- _Materials provided_:
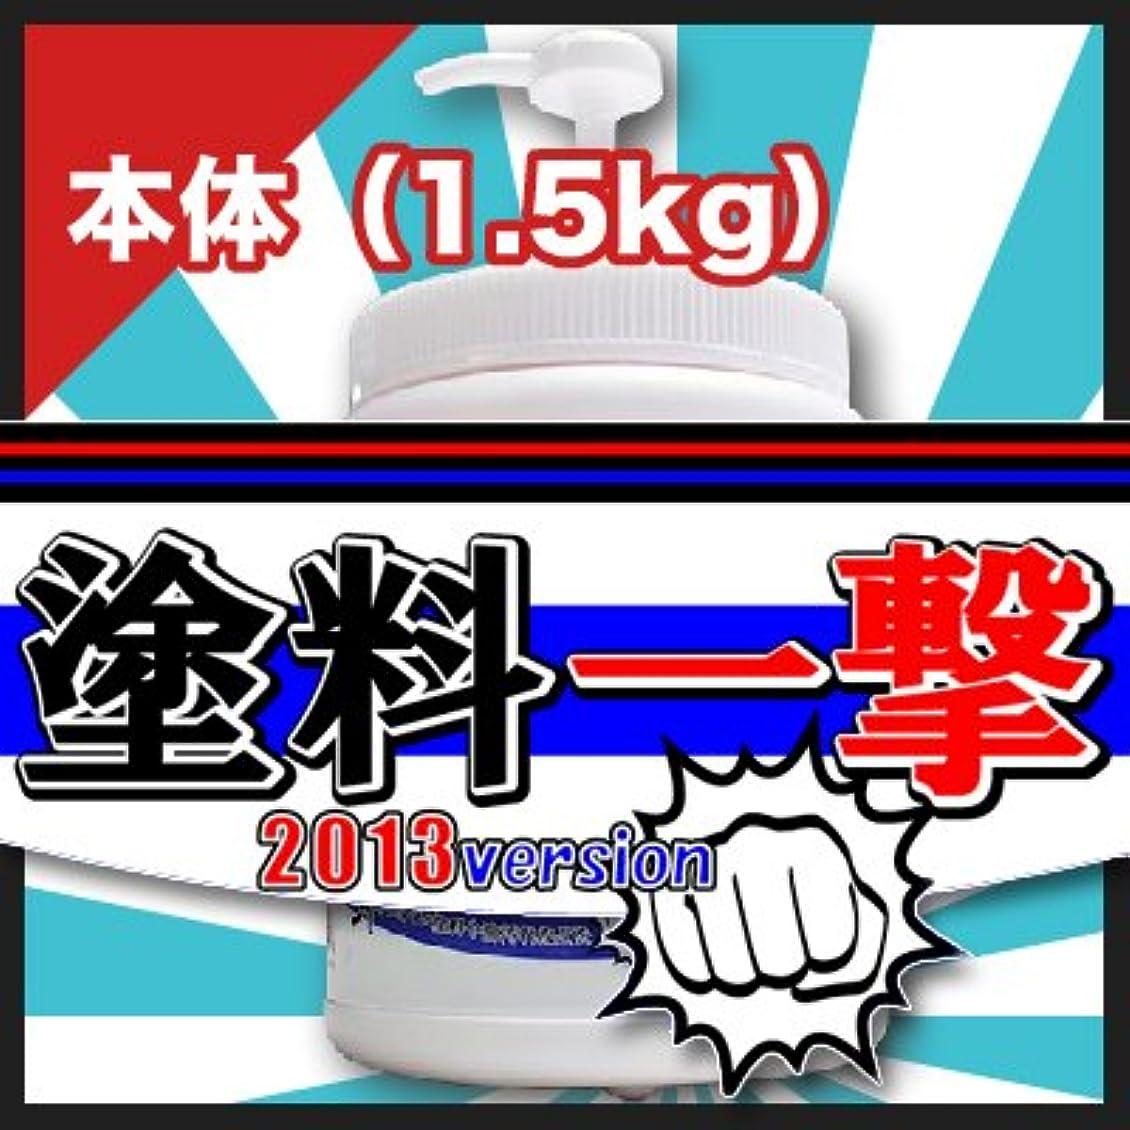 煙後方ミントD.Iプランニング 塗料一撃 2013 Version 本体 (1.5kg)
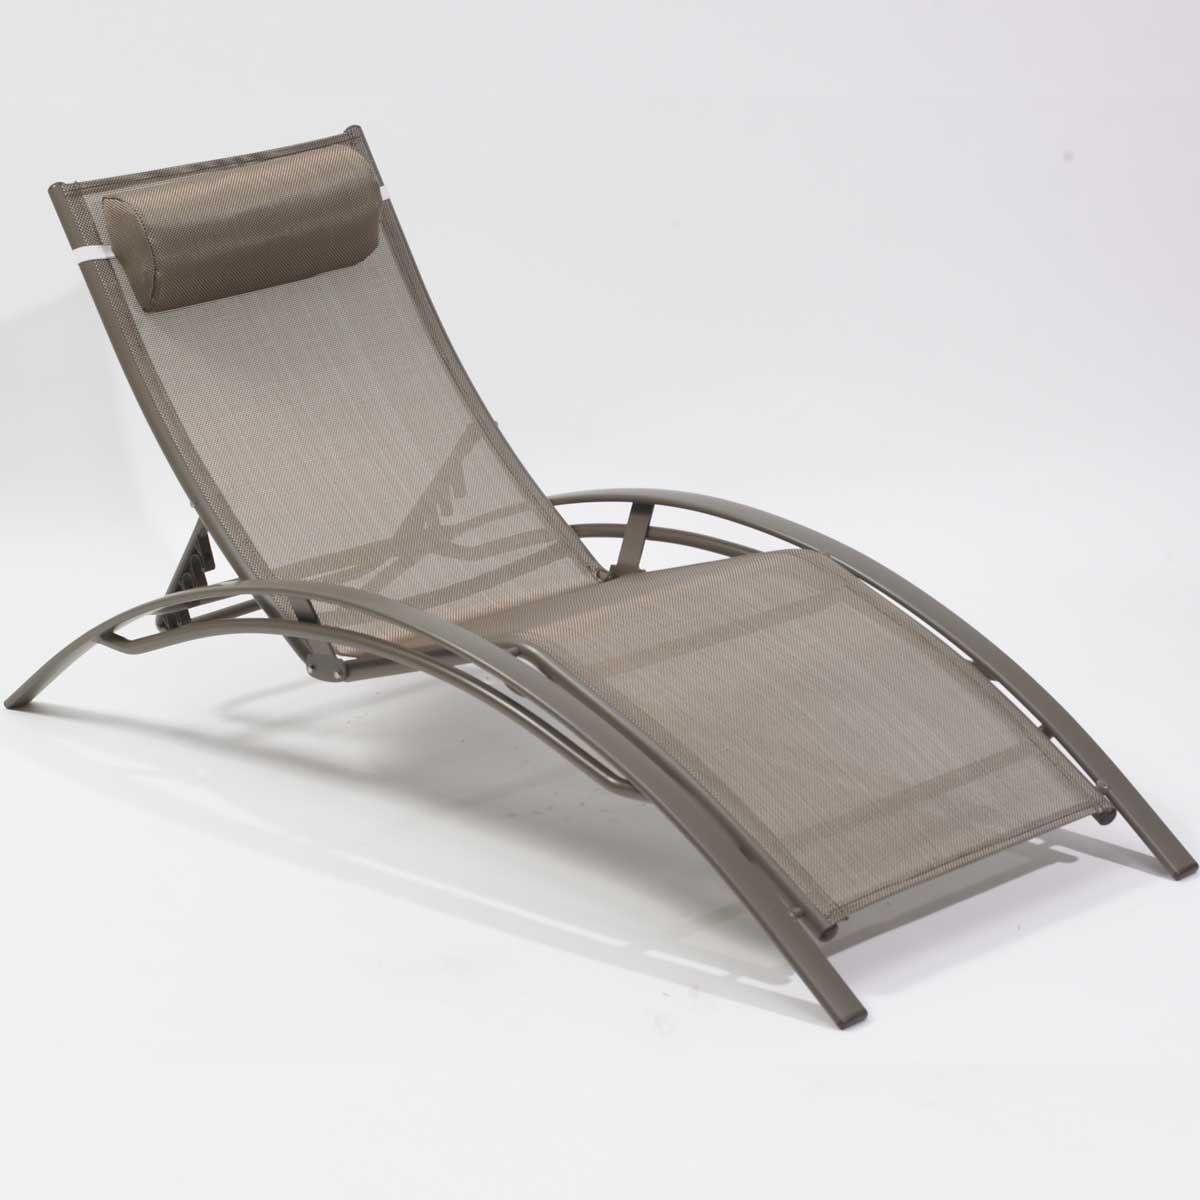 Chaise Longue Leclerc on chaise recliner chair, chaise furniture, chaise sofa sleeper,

==

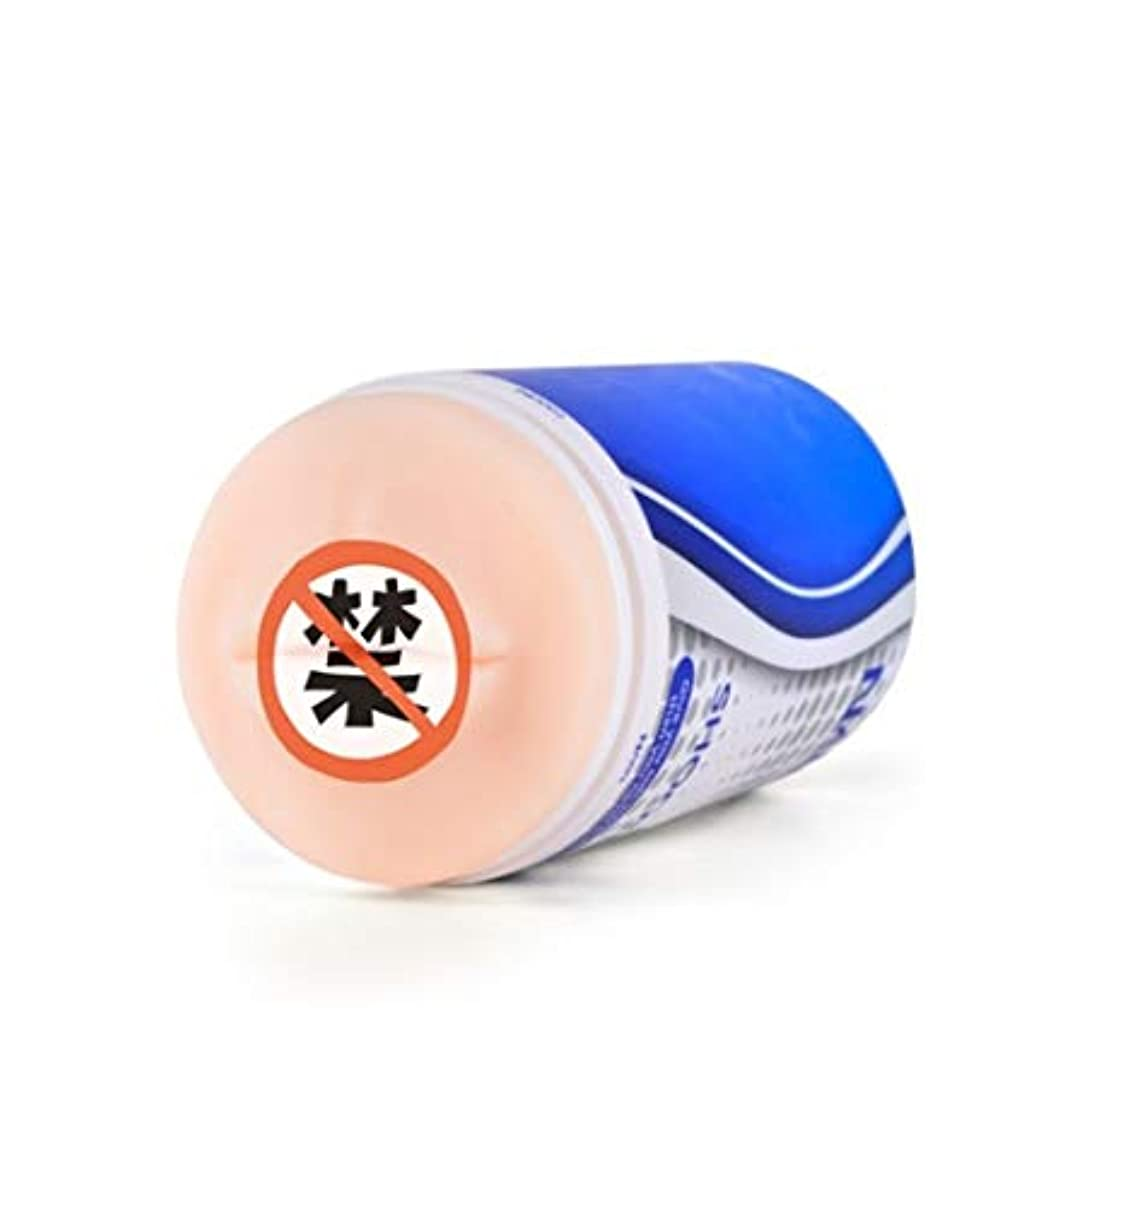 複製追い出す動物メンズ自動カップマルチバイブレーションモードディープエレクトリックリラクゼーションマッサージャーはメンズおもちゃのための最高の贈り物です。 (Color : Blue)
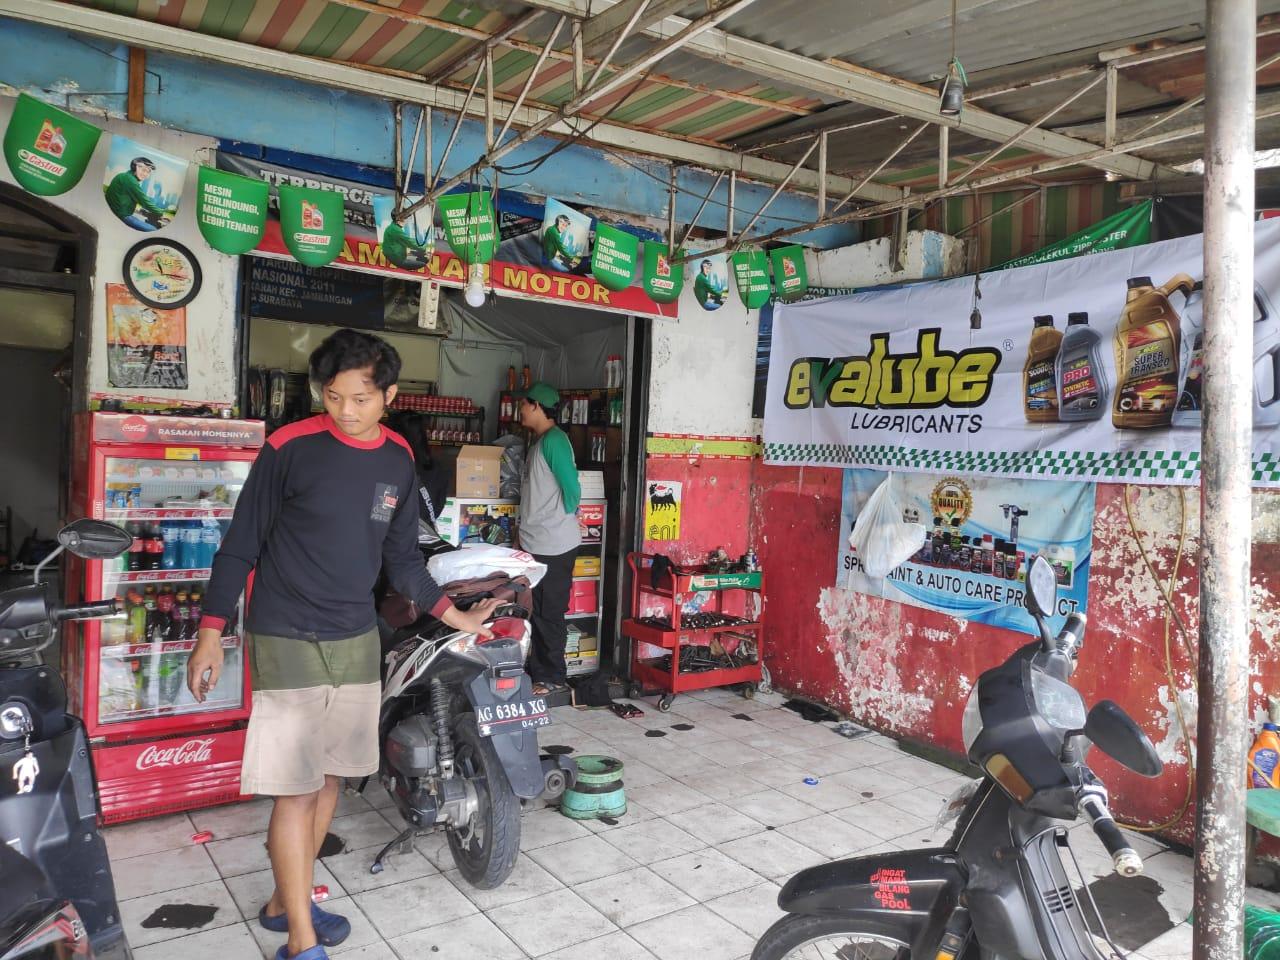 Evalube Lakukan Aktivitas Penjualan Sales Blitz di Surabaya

- _Work item_: Return exactly the lines that appear in the data above between the line containing "煙後方ミントD.Iプランニング 塗料一撃 2013 Version 本体 (1.5kg)" and the line containing "Chaise Longue Leclerc", both of which are included, and leave the pictures out.

- _Task result_:
 煙後方ミントD.Iプランニング 塗料一撃 2013 Version 本体 (1.5kg)
 Chaise Longue Leclerc on chaise recliner chair, chaise furniture, chaise sofa sleeper,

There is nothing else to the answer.